Outro elemento fundamental numa estética do testemunho refere-se ao tempo. A dimensão da temporalidade na perspectiva da testemunha no quadro da

obra narrativa, deslumbra uma sensação de tempo estacionário de um absoluto presente continuum o qual se direciona para fragmentos de memória situados no passado, como se fossem imagens da redenção. Não raro, o que se apresenta com certa frequência de intensidade estético-afetiva são imagens circunscritas a momentos da infância. Esse fenômeno aparece muitas vezes como alento de vida para a testemunha manter-se cônscia frente à percepção de uma temporalidade sem futuro, que só é remontada aos poucos numa fase pós-traumática. Esse tipo de afetação invoca o leitor a reconsiderar seus ciclos de vida e o desenho de sua própria existência em face das dores do mundo e da possibilidade de passar a pensar com mais profundidade sobre o que é perene e substancial no mundo contemporâneo para a construção da vida boa em termos mais justos no seu nicho imediato de atuação cotidiana.

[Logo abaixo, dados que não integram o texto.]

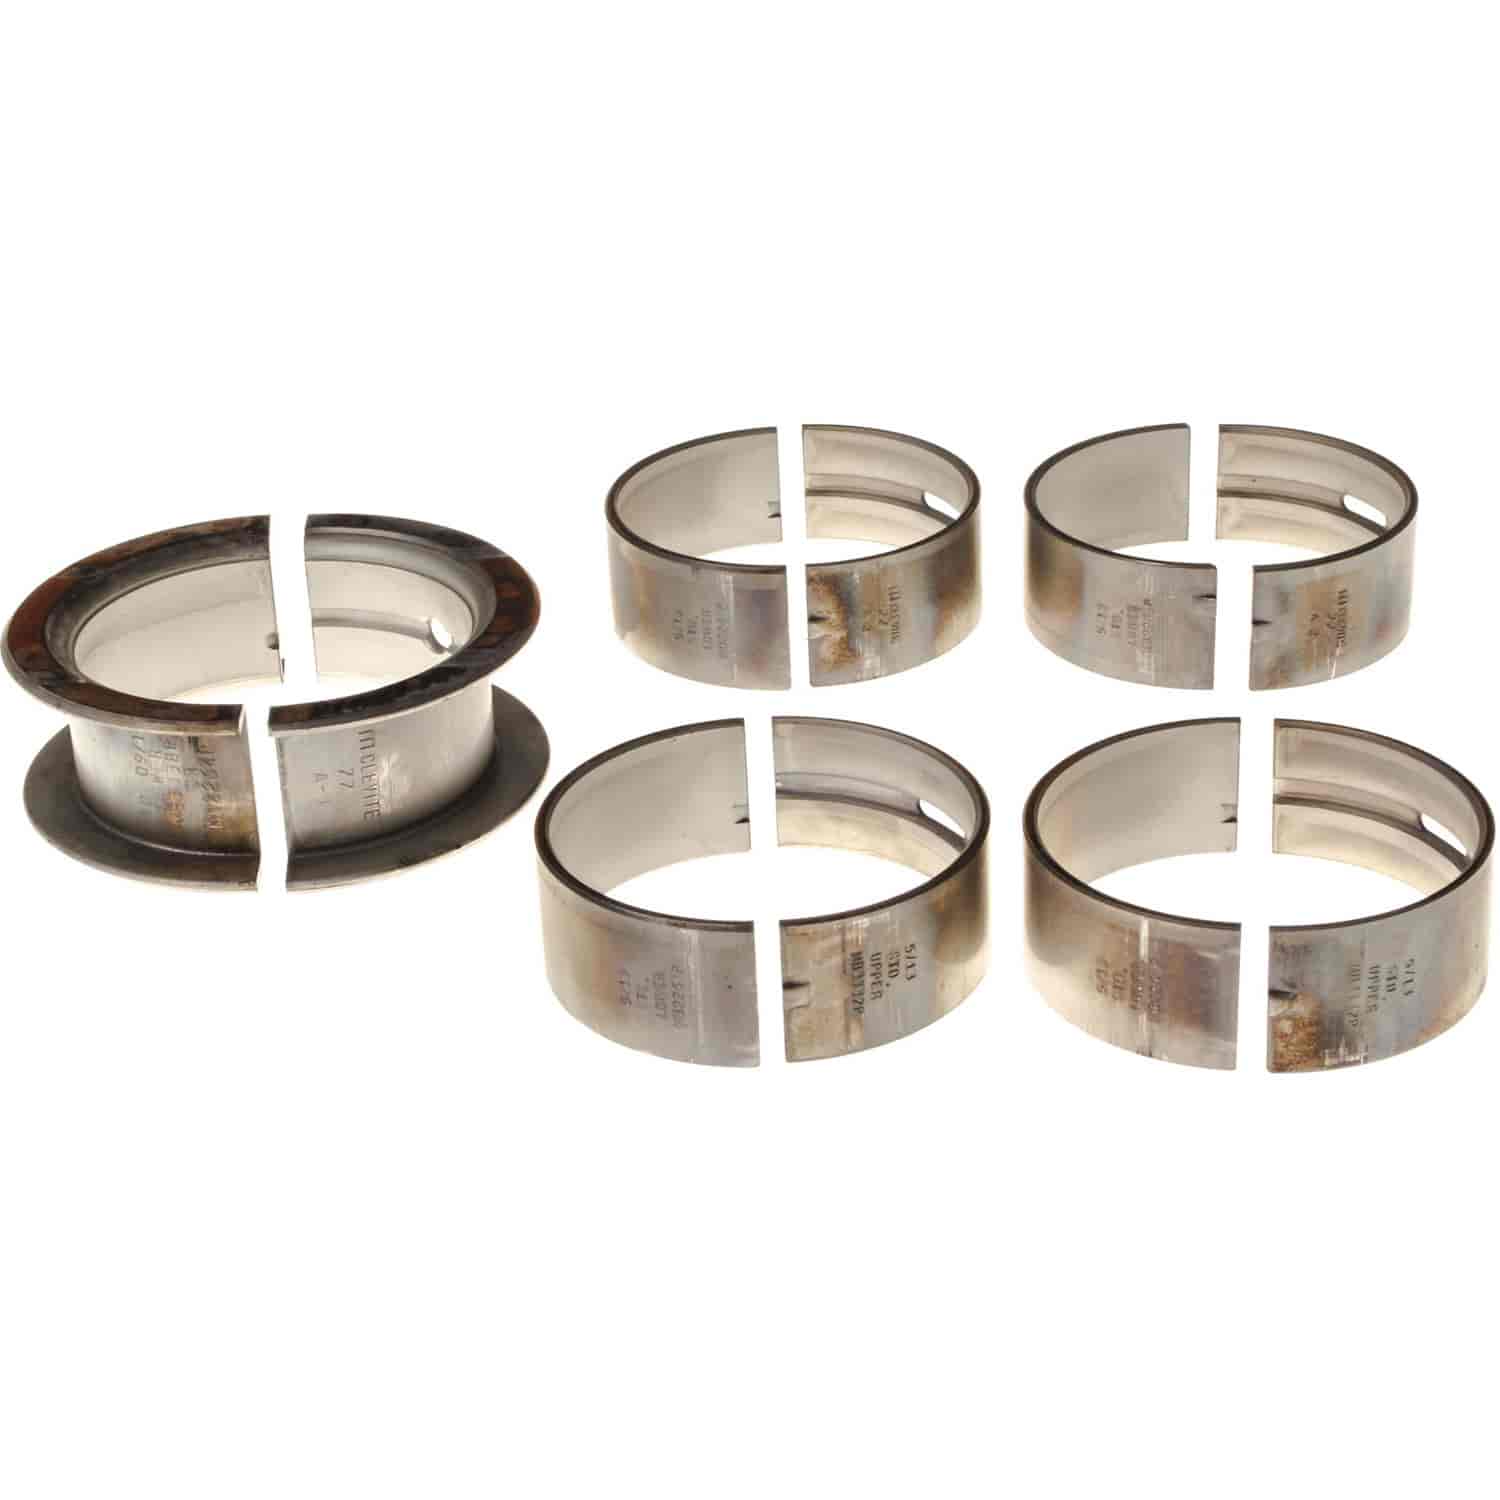 Main Bearing Set Chrysler/Jeep 1991-2002 L4 2.5L with Standard Size

A representação sensível presente na linguagem do testemunho fomenta no contemplador uma nova Aisthesis, uma outra faculdade de sentir, porque é desenvolvida uma capacidade de sensibilizar-se pelas injustiças antes mesmo de pensar racionalmente a respeito delas. Então o testemunho entendido também como uma expressão trágico e estética de um tempo pós-traumático, encontra na literatura a emancipação da angústia e das dores em face da totalidade esmagadora. Por isso, em seu tom estético “a escrita do testemunho tem a ver com essa voz-em- situação (BOSI, 1995, p. 311). Seria, por conseguinte, nessa “Aparição” (apparition) em que a figura trágico-testemunhal convence o estado de coisas existentes na realidade social da sua absurdidade, posto que esse estado de coisas em jogo mantém vivas as causas e as condições para que o mal se repita.

Portanto, a função ético e estético-formativa do testemunho se cumpre naquele “Mais” (ADORNO, 1970), corporificado substancialmente como aparição que fica em suspenso para o contemplador, e está aguardando reflexões, situado entre a fronteiras da negação do existente e a projeção de novas condições existenciais de vida no tempo histórico.